Nicea moved before me
And the cold grey air troubled her not
For all her naked beauty, bit not the tropic skin...

My "tropic skin," returned from Vermont/Seattle/North Carolina/etc., slightly in shock from cold grey New York air... I am still lingering in the surreal ending day or two of Marlboro (rainswept, dark, half-built, not civilized) ... people leaving the place in all their varied, bizarre ways, at their own times, beginning or ending relationships, packing up impossibly messy cars, flailing at all the recurring farewells of summer camp, and I am still feeling my body as arranged for country life, toned by lots of swimming and hiking up and down the hills, accustomed to sweating in my cot-bed, now finding itself underused, pampered by luxury in my not exactly luxurious apartment... It feels like (as it always, always does at this time of year) my mind is bubbling, and I want to stay in, let the bubble float off for a bit, keep it from hitting anything hard and bursting:

And if I see her not,
no sight is worth the beauty of my thought.
(Si no'us vei, Domna don plus mi cal,
Negus vezer mon bel pensar no val.)

Does any of this make any sense? Staying in my own mind? If that passage is applicable to me, what is my "her"? Unanswerable, today. And so I have turned to the bubble of my blog... Here I can be in the abstract space of my browser window, listening to the airconditioner hum. Let the dogs howl: Bach to practice, bios to send out, recordings to find, schedules to fix, friends to catch up with, groceries to buy, students to teach, people to call, toilet paper to obtain, mice to trap humanely, pianos to tune, suitcases to unpack, failures to apologize for, insurance to arrange, emails to write en masse, and in general things to straighten out, priorities to choose. But I choose none, today, or if I choose one or another, it will be a whim and not a plan, winding and not straight... I want my acts today to be both practical and metaphorical.

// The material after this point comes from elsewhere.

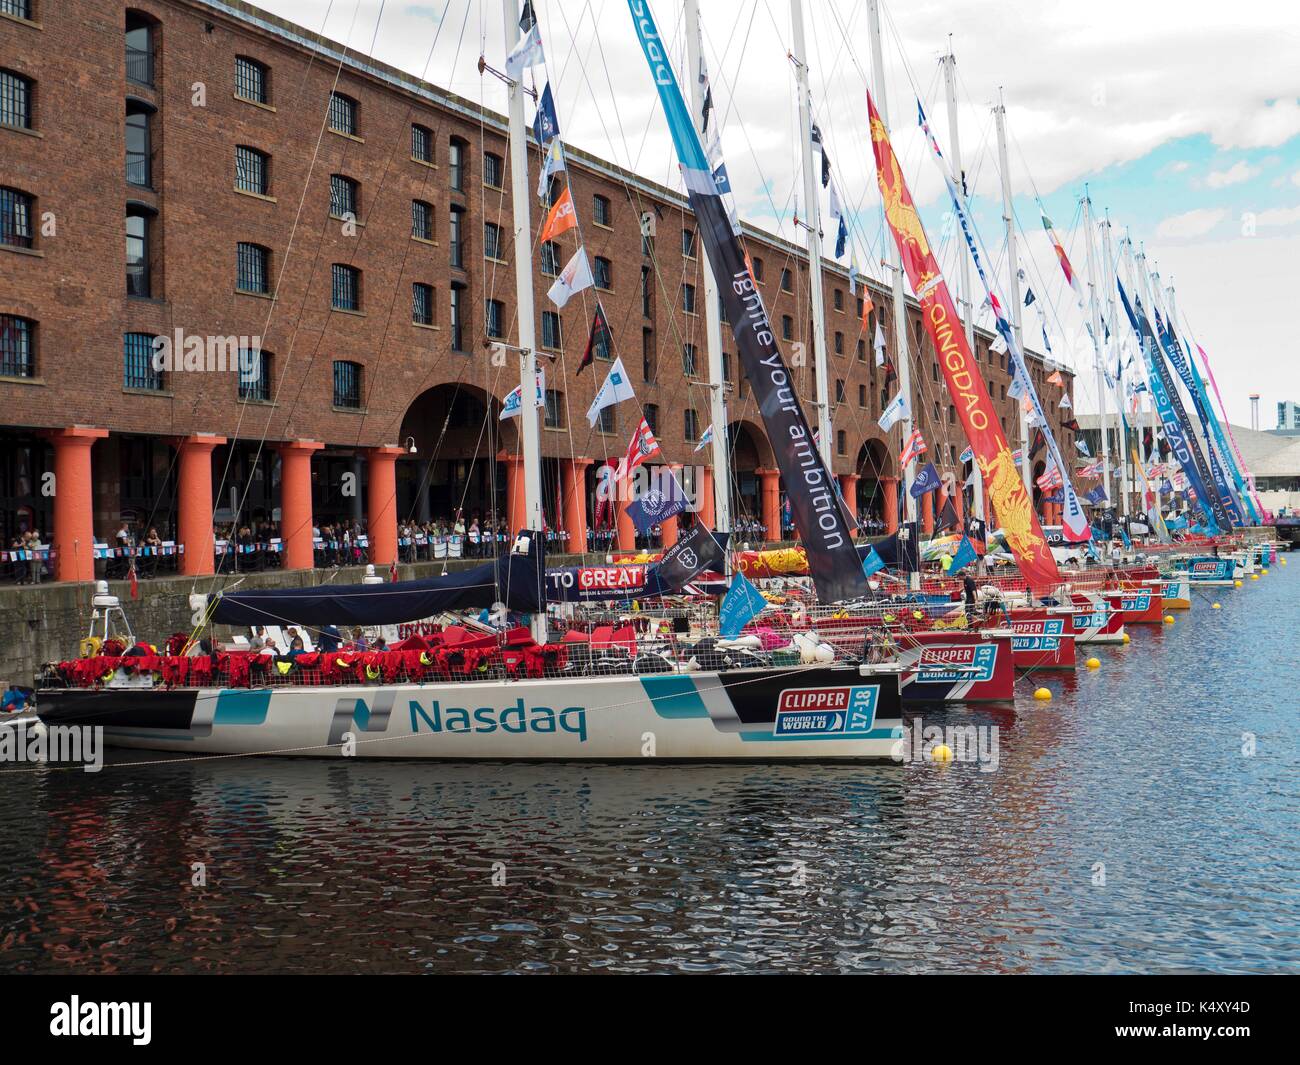 Yachts competing in the 2017 Clipper Race before the start at Albert Dock, Liverpool. The Nasdaq sponsored yacht is in the foreground. Stock Photo

Which reminds me of this most wonderful passage from "The Pound Era":

The great thing to remember is that all poetry was once in the language itself, and still underlies the dry bones of even our dictionaries. Every word, a metaphor, perhaps several degrees deep, still has the power to flash meaning back and forth between apparently divergent and intractable planes of being.

So: my apologies for not blogging for a few weeks. I should be blogging more now, as I attempt to flash meaning back and forth between my Marlboro and "normal" planes... wish me luck!